In January, 2009 the Obama administration “officially banned” water boarding. This is a step in the right direction but the reasons behind it are not in line with what we could consider moral outrage. The administration did not ban all forms of “enhanced interrogation techniques” as would be justified, it simply banned water boarding. This enables any future president to declare that it is no longer banned and thereby condone it once again. Nor has Congress specifically classified water boarding as torture in order to prevent it in the future, this would require a simple 2/3 majority and could thereby prohibit it as well. Even the Supreme Court (that ultimate pinnacle of justice, sarcasm noted) could interpret existing anti-torture laws to include water boarding. Alas, the government has taken no REAL action to disallow its use; it has only stayed the voices of angry Americans until we forget we were even mad about it. The fact that we have to search for “legal grounds” in order to justify water boarding is ridiculous. It’s pitiful that it has come to that; we should only have to consider the moral hazard and inhumanity of it to see the error of our ways.

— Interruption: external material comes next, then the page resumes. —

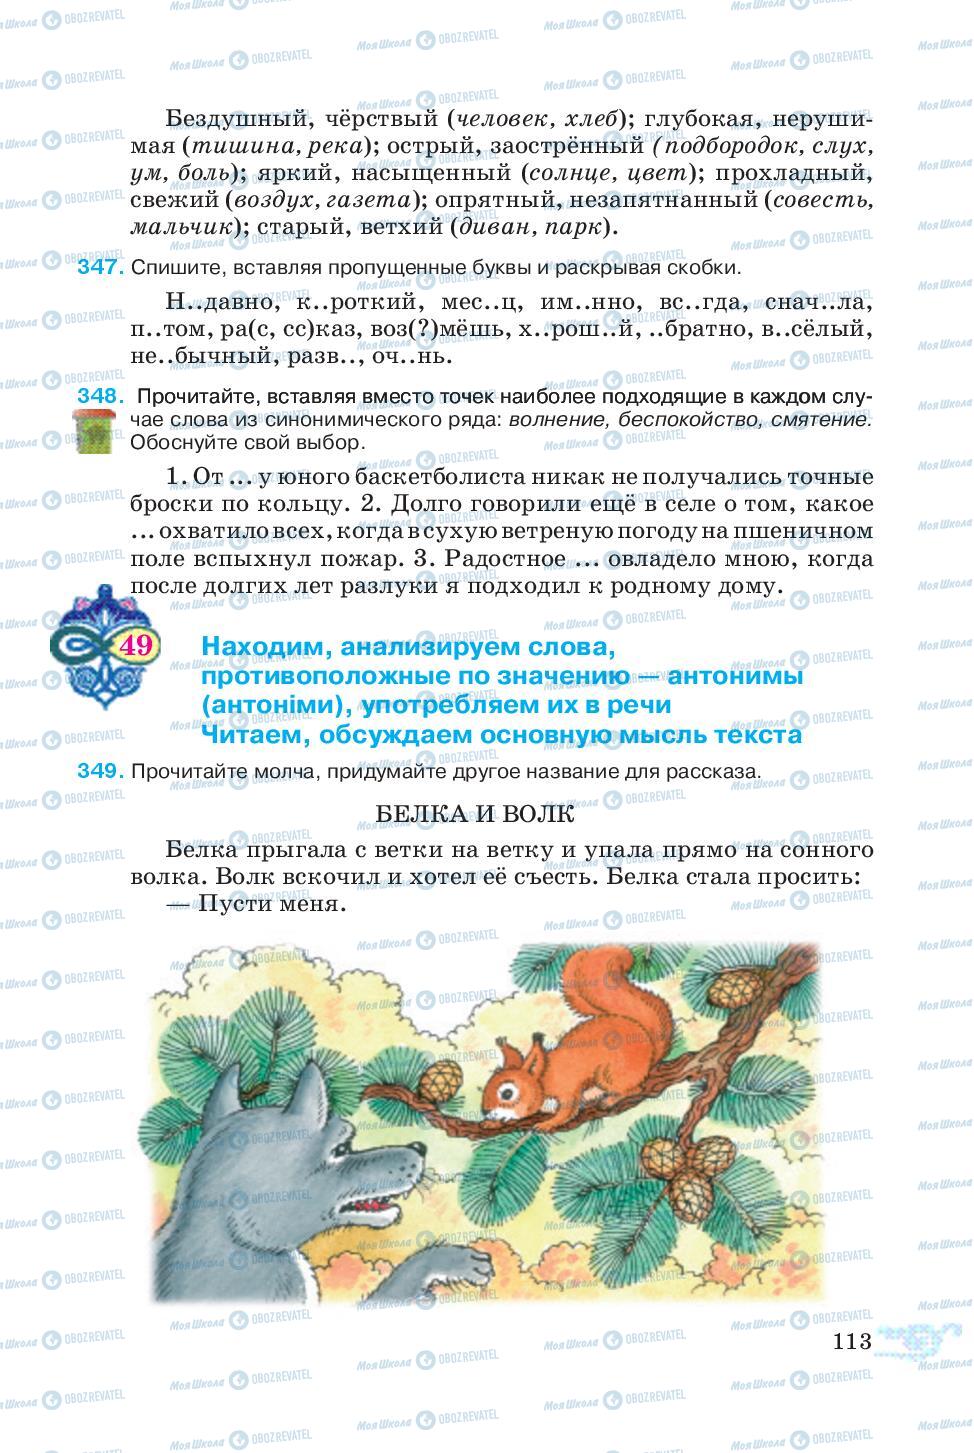 Учебники Русский язык 5 класс страница 113

For all those who may believe that seeking to prohibit these acts is “coddling terrorists” we must remember that Rule of Law MUST be carried out if we wish to be a just nation. We cannot be a just nation if we fail to bring suspected terrorists to justice through legitimate trials. Additionally, the distinction of treatment between “enemy combatants” and U.S. citizens becomes dimmer each day. We invite further acts against ourselves when we condone such immoral actions and give more cause to grow hatred for the U.S. around the world. What is required is the simple and honest admission of guilt and prosecution of those government officials and their flunkies who ordered it and carried it out. Until then we will not see justice served. Let us admit our mistakes and perhaps we may become a just nation once again.